Se désinvestir des énergies fossiles
Les budgets publics doivent être sollicités, tant pour la décarbonation de l’économie que pour l’aide à l’adaptation des pays les plus vulnérables. L’accord de Paris suppose que les « pays du Nord » financent à hauteur de cent milliards de dollars annuels à partir de 2020 les « pays du Sud ». Il faudra bien sûr pour y arriver faire significativement appel aux budgets publics. La négociation bat son plein aujourd’hui. Mais les trillions de dollars évoqués pour la mutation de l’économie supposent aussi un recours massif à la finance privée. Et il semble bien que cette voie-là prenne forme. Des acteurs financiers puissants commencent à prendre conscience du risque carbone : atteindre nos objectifs climatiques suppose de se désin- vestir des énergies fossiles qui vont être soumises à des contraintes et des taxes de plus en plus élevées et présentent donc dès maintenant un risque financier à tous les stades – extraction, production, distribution, consommation. D’autres acteurs économiques prennent des engagements climatiques au sein d’initiatives internationales, comme le Montreal carbon pledge ou la Portfolio decarbonization coalition. Des fonds d’investissement évaluent l’impact carbone de leur portefeuille d’inves- tissements. Le Fonds souverain norvégien commence à se désengager des entreprises du secteur des énergies fossiles. Inversement, de nouveaux produits financiers comme les obligations vertes apparaissent.
Sortir l’économie mondiale de la dépression
Il serait naïf de croire que ces initiatives suffiront. Mais elles montrent que si les États jouent leur rôle en s’engageant fortement dans la bataille écolo- gique et climatique et en créant les régulations nécessaires, il sera sans doute possible de mettre la finance au service du climat. Le courrier adressé par les ministres du G20 mi-avril au Conseil de Stabilité financière(1) pour qu’il travaille sur le risque climat est un pas dans la bonne direction. Tout comme l’article 173(2) de la loi de Transition énergétique qui oblige les investisseurs à mentionner dans leur rapport annuel leur exposition au risque climatique et leur contribution à la transition énergétique.

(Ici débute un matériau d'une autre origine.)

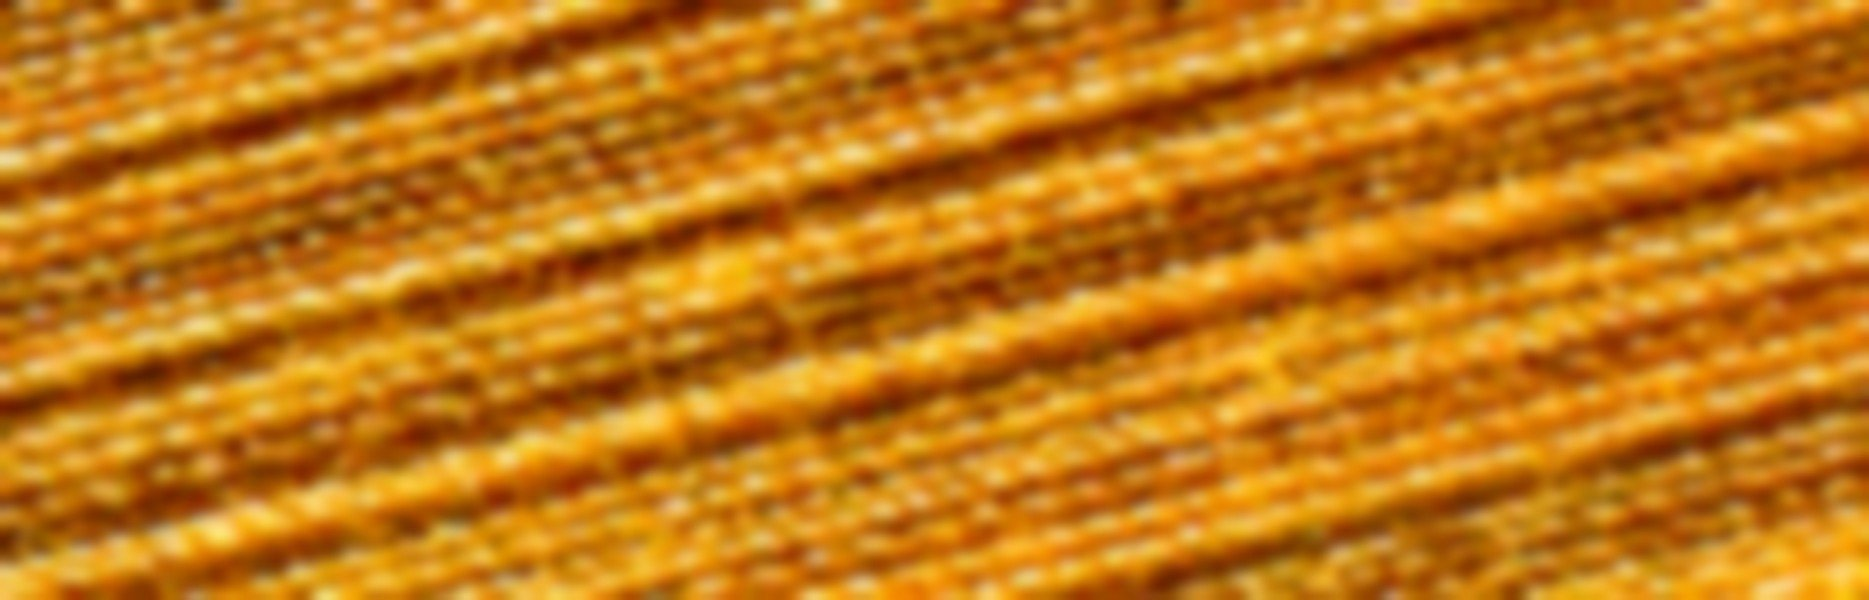 Cotton 40wt Thread 700yd - Variegated Peachy Tones

Seule une mobilisation massive des financements publics et privés et une architecture adaptée (que nous avons tenté de dessiner dans le rapport Canfin-Grandjean(1) au président de la République) dans laquelle chacun joue au mieux son rôle nous permettra de gagner cette course de vitesse. Il appartient au secteur public de donner la direction générale, de mettre en œuvre des outils efficaces : fiscalité carbone croissante et réglementations progressivement durcies dans les secteurs d’extraction et d’émission, programmes d’investissement dans la rénovation énergétique des bâtiments publics, orientation claire de la politique énergétique, garanties publiques et interventions des banques publiques d’investissement et de développement conditionnées à des objectifs climatiques… Il appartient au secteur privé de comprendre les enjeux et de prendre ses responsabilités. L’avenir de la planète, donc évidemment l’avenir économique, est à la transition énergétique.
Cette bataille énergétique pourrait nous permettre de sortir l’économie mondiale de la dépression en cours, qui risque de s’aggraver du fait des pertes de marges de manœuvre des États. Elle peut devenir pour tous les pays une grande cause enthousiasmante et source d’innovations.